Новые отношения с хором, которые у него установились, потребовали от Лептагова множества прежде совершенно ему ненужных вещей. Все, что раньше он умел: его композиционный дар, даже способность владеть и управлять хором, – на первых порах должно было отойти в тень. Сначала ему следовало стать их наперсником и исповедником, он обязан был узнать всю их подноготную – кто они, что хотят сказать Богу и вообще чего от Него хотят. Он должен был все это узнать и во всем разобраться, все понять и разложить по полочкам, чтобы потом, когда время разговора с Богом придет, помочь им, каждому из них, справиться с косноязычием, сделать так, чтобы Господь его услышал и понял.
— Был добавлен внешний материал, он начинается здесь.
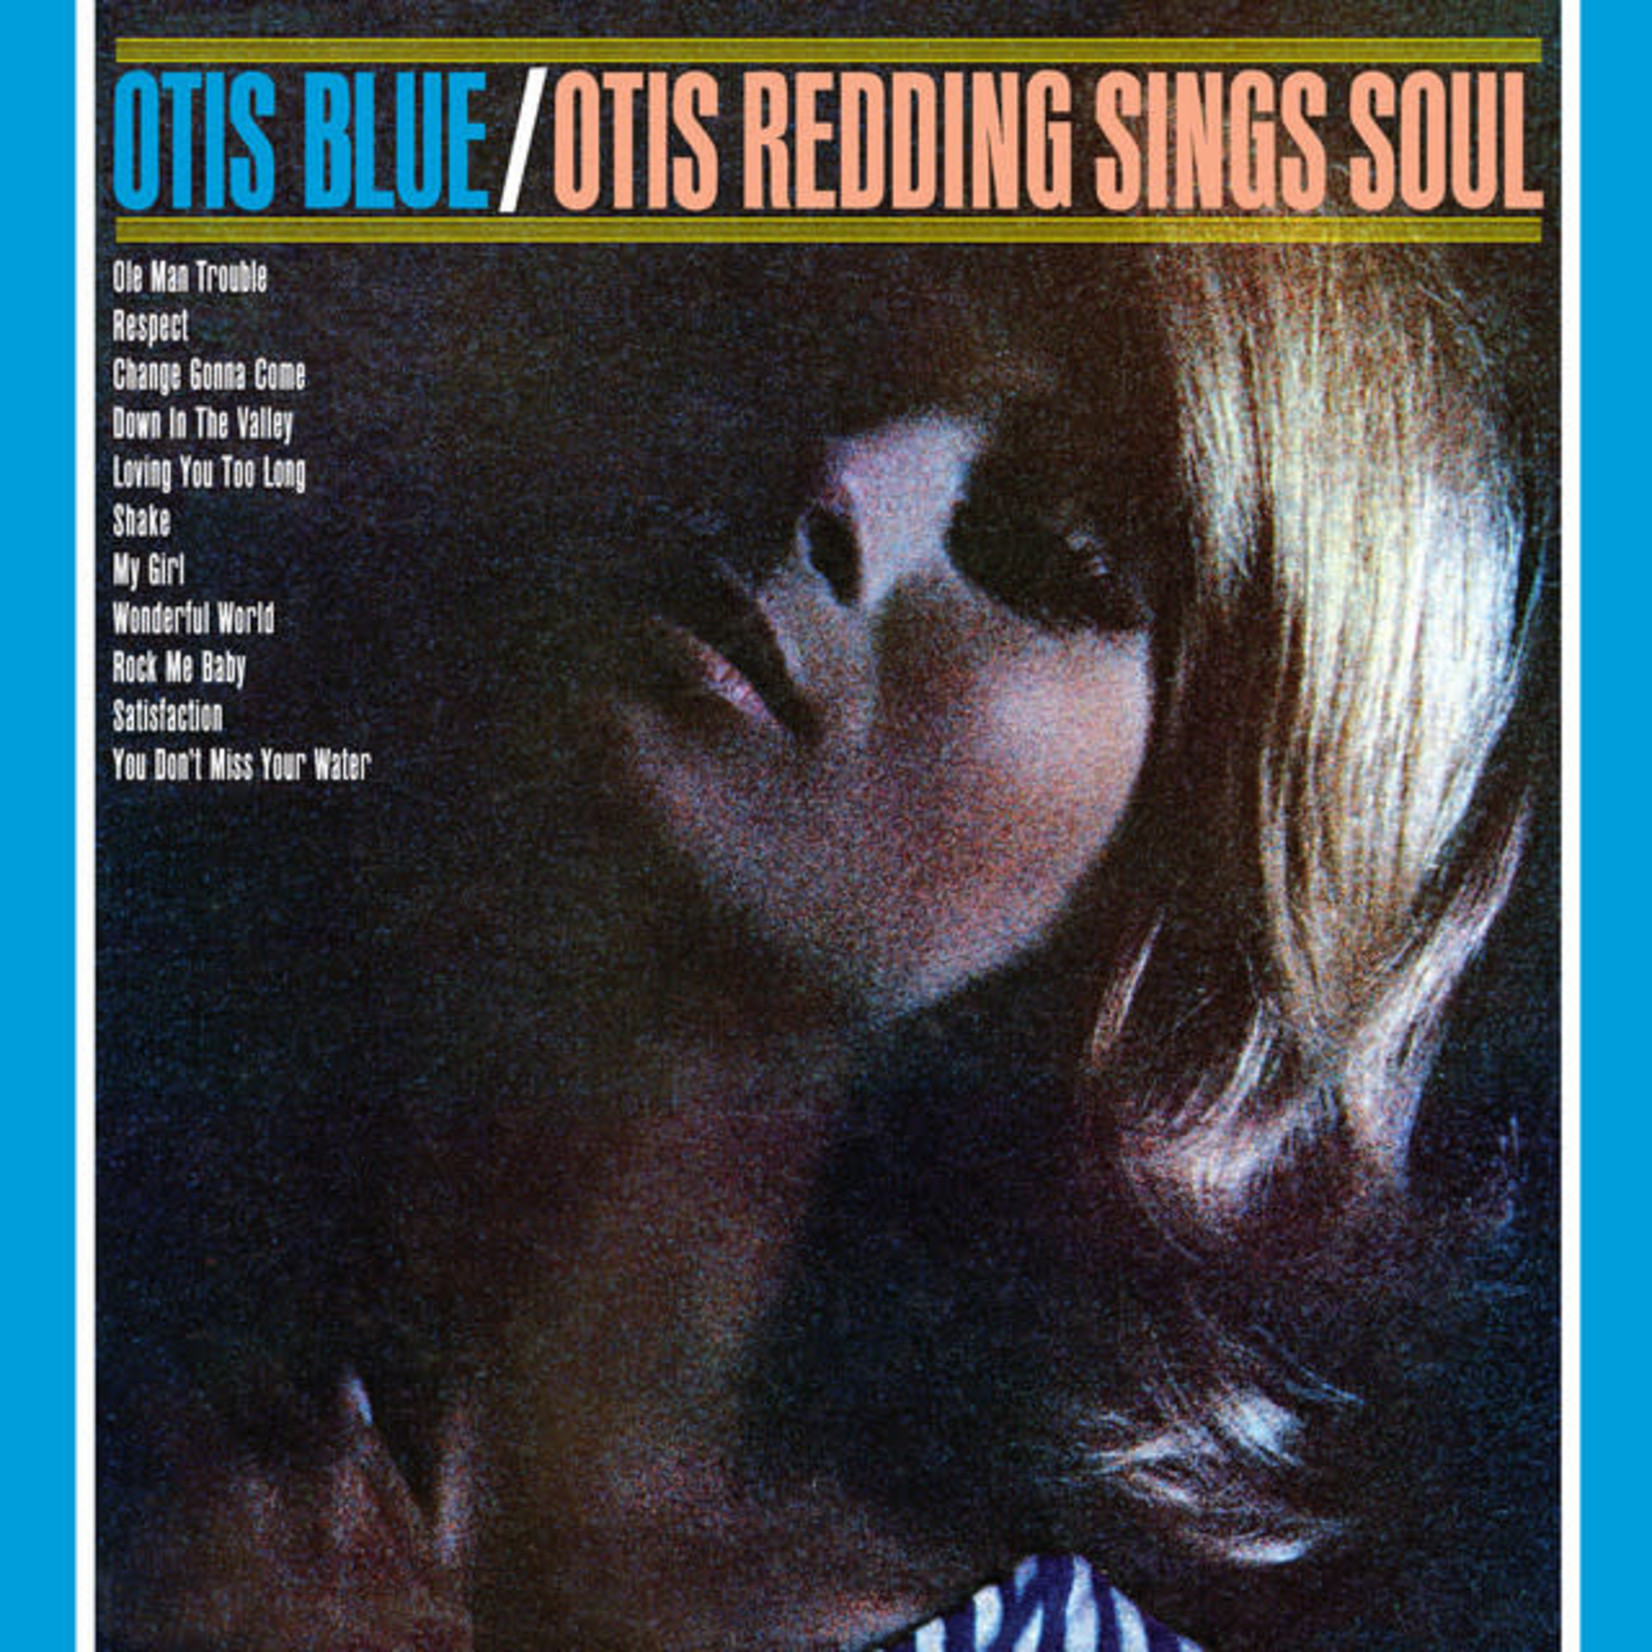 Compact Disc Otis Redding - Otis Blue  SACD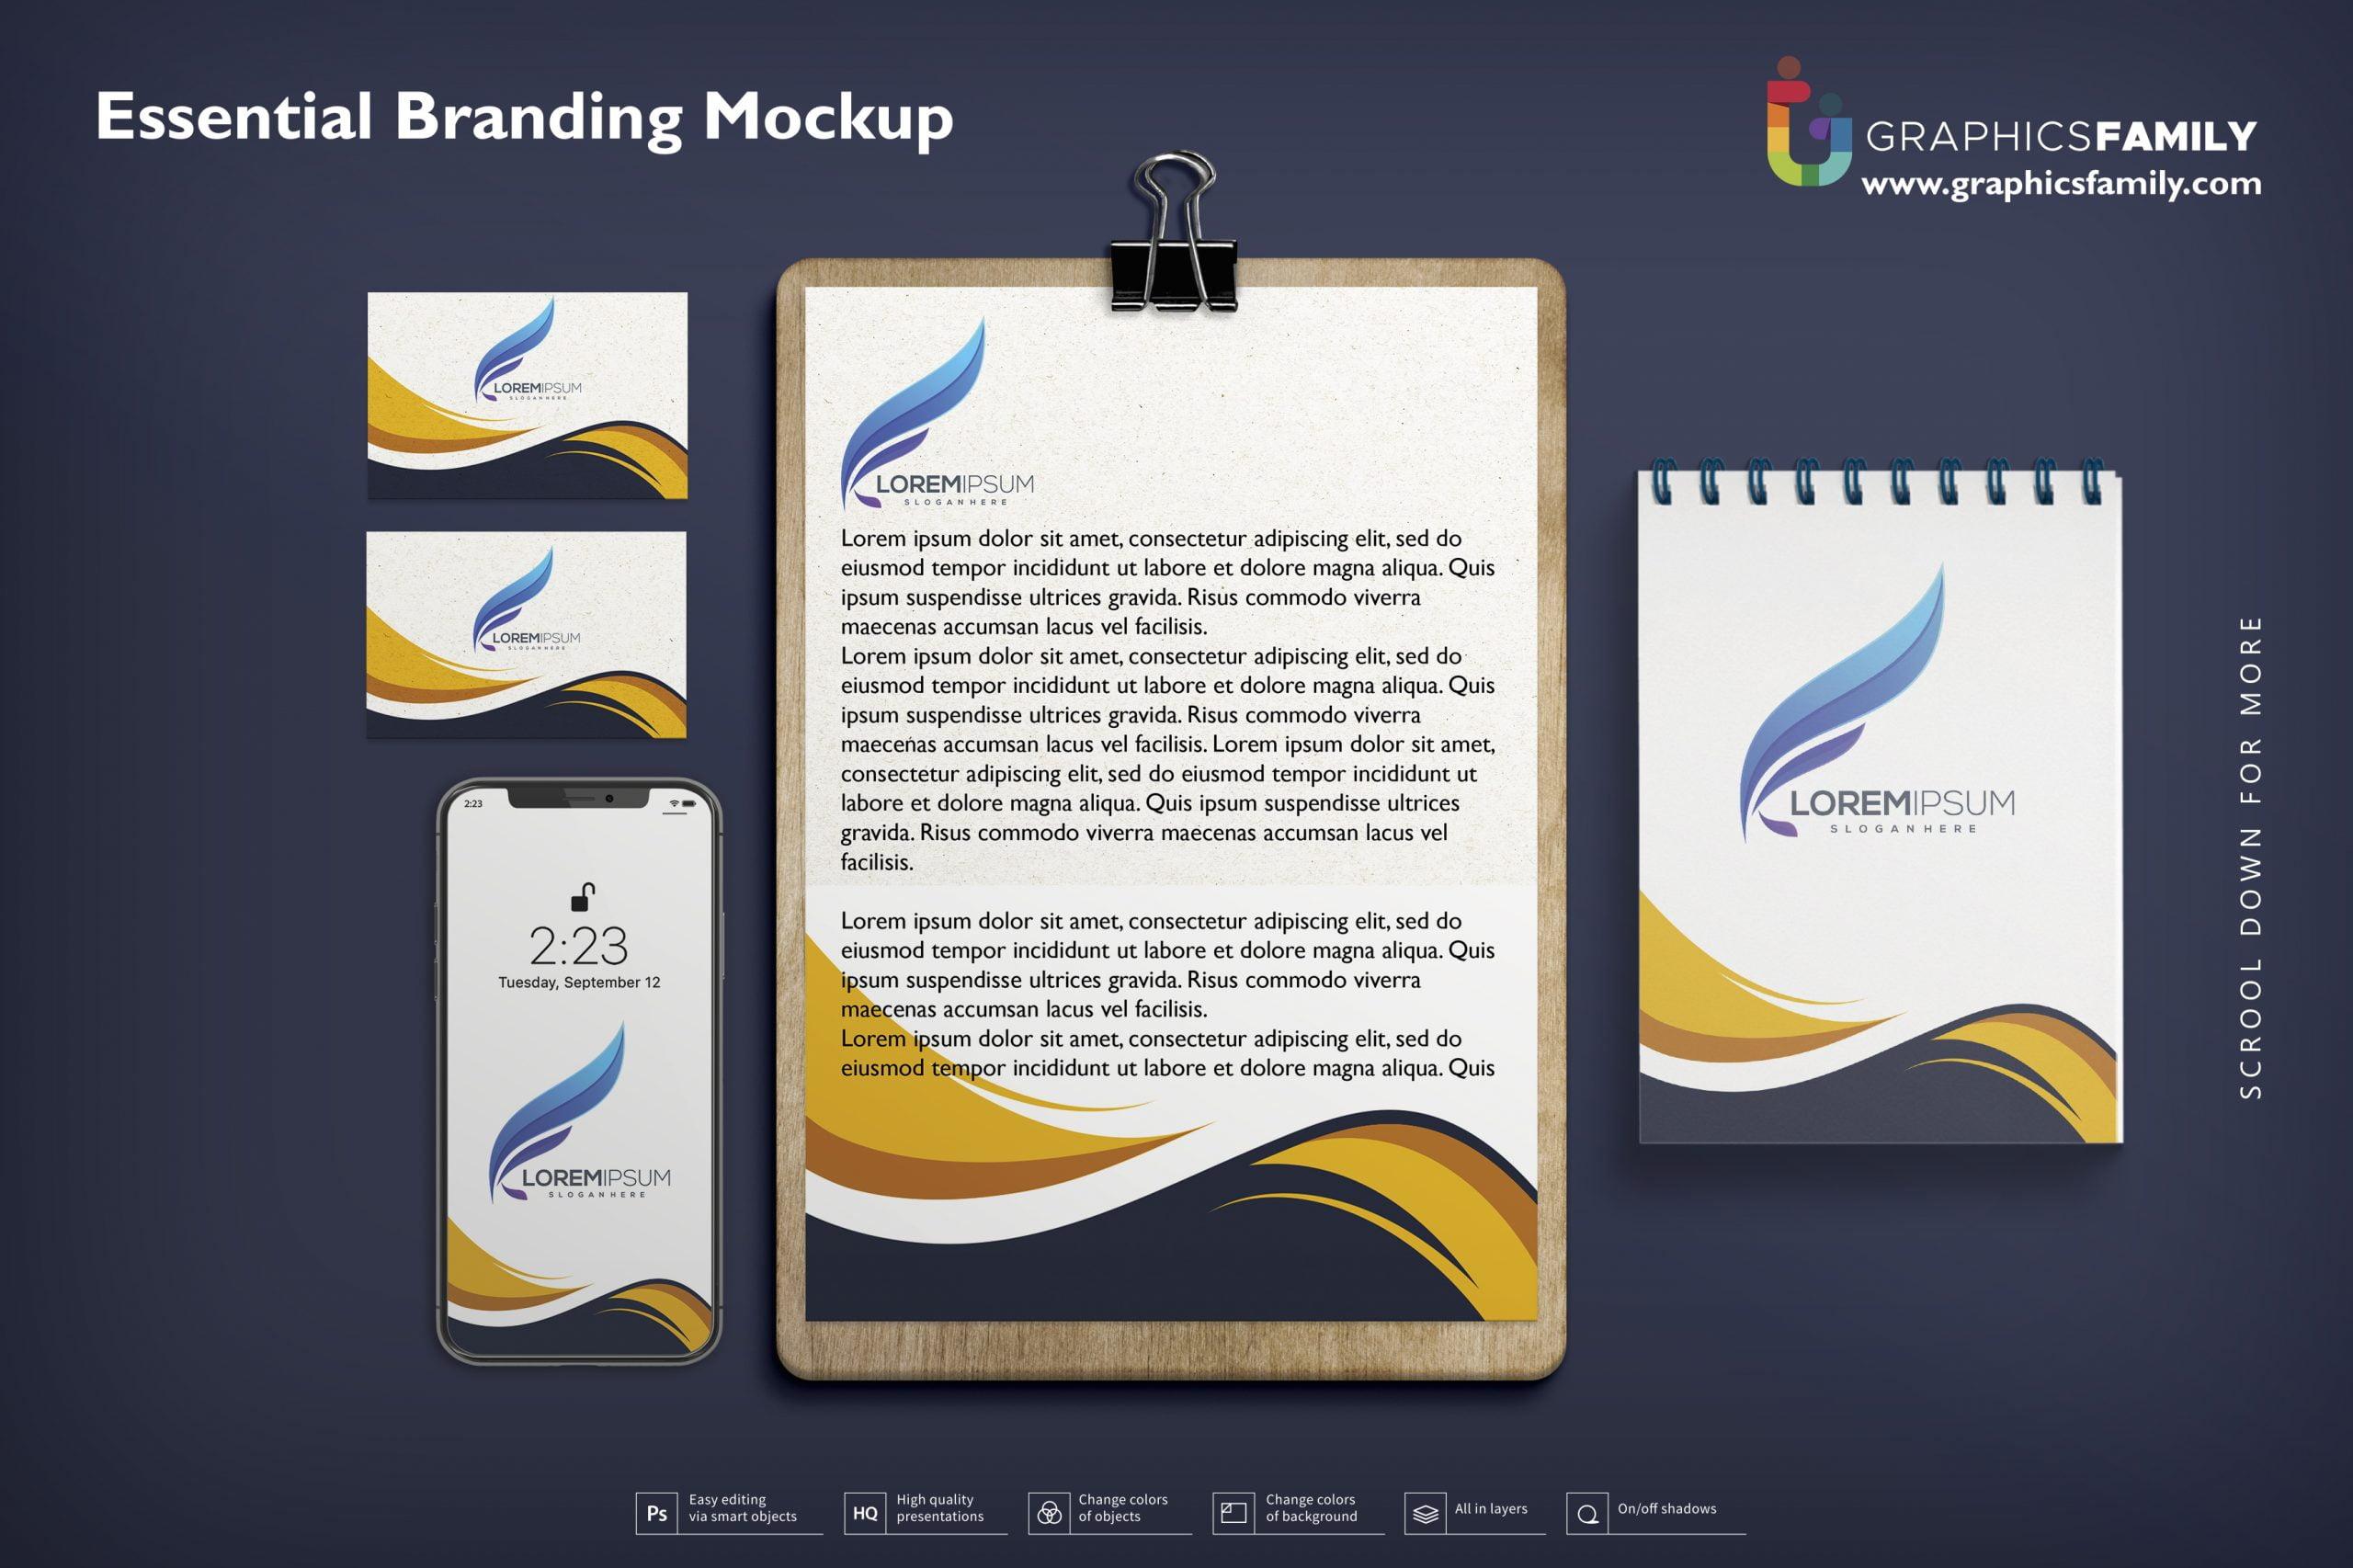 Essential Branding Mockup

Неожиданно эта работа оказалась для него весьма интересной. Он и вправду быстро вошел во вкус этих занятий, по своей сути чисто этнографических. Ему нравилось, что он чуть ли не каждый день узнает о своих хористах нечто новое, нравилось, что они всегда повернуты к нему, открыты и доверчивы, как младенцы. У них теперь не было от него тайн, и это его, без сомнения, трогало. Он явно относился к ним со все большей симпатией и был этому очень рад.
Скоро он увлекся своими хористами настолько, что, по свидетельству близких друзей Лептагова, того же Старицына, ни о ком другом разговаривать с ним стало невозможно. И все же это было лишь увлечение, никто, ни один человек из тех, с кем я разговаривал, ни разу не сказал мне, что он их полюбил. Я ждал этого слова, пожалуй, даже намекал своим собеседникам, что жду, что они его скажут, но оно так и не прозвучало.
На летний сезон 1926 года пришелся пик интереса Лептагова и к скопцам, и к хлыстам. Узнав о них за последний год больше, чем за четыре предыдущих, он словно переполнился; теперь ему надо было начинать строить, иначе все это в нем бы перегорело. То, что он возводит в двадцать шестом году, мало похоже на его предыдущие постройки, сразу видно, насколько нарушены в этих храмах пропорции. В отличие от его прежних работ, они массивны, устойчивы, но напрочь лишены легкости. Это во всех отношениях скопческие молитвенные дома, другие голоса использовались Лептаговым, когда он их ставил, лишь на подсобных работах.
В них и здесь не было особой нужды, и он брал их только для того, чтобы хоть как-то занять людей, сгладить недовольство остальных голосов. В том, что он строил тем летом, было настолько явным, что он решил отказаться от роли дирижера, мирового судьи, сам теперь признает лишь скопческий путь к Богу, что это едва не вызвало в хоре новый раскол – первый подобного рода случай за время его жизни в Кимрах. Все же другие хористы и здесь смирились, так что в конце концов эта история лишь укрепила власть Лептагова над хором, еще больше развязала ему руки.